== Task directions ==
Copy exactly the lines that run from the line containing "Feuerkorb Krug mit schwarz-bronze Mesh" to the end of the material below, both ends included.

------------------------

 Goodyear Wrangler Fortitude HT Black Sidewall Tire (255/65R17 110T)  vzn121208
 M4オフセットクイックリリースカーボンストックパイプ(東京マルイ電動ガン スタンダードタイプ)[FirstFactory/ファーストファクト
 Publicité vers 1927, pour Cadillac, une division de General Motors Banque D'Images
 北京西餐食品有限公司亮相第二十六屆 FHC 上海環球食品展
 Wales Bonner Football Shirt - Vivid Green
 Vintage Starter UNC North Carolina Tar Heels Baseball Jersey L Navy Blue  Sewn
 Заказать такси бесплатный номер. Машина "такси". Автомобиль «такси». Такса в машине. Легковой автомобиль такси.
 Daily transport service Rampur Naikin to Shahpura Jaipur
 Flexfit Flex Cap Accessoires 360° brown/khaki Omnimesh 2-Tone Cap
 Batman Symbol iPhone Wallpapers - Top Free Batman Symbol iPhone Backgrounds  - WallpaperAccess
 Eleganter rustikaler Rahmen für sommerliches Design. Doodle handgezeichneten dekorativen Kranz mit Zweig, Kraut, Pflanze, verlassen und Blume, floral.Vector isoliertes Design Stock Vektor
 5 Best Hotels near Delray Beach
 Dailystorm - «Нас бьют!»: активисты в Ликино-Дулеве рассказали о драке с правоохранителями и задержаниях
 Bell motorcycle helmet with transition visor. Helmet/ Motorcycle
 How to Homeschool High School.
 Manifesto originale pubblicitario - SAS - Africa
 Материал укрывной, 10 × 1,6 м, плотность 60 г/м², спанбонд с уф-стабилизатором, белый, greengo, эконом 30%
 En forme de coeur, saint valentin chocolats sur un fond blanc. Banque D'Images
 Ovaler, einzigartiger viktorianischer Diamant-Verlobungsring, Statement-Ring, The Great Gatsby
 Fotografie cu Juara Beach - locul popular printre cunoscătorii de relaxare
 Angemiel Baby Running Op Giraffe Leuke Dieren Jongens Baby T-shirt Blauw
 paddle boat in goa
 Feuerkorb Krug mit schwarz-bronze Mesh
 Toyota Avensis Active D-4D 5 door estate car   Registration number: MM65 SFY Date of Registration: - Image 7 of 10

------------------------

== Response below ==
 Feuerkorb Krug mit schwarz-bronze Mesh
 Toyota Avensis Active D-4D 5 door estate car   Registration number: MM65 SFY Date of Registration: - Image 7 of 10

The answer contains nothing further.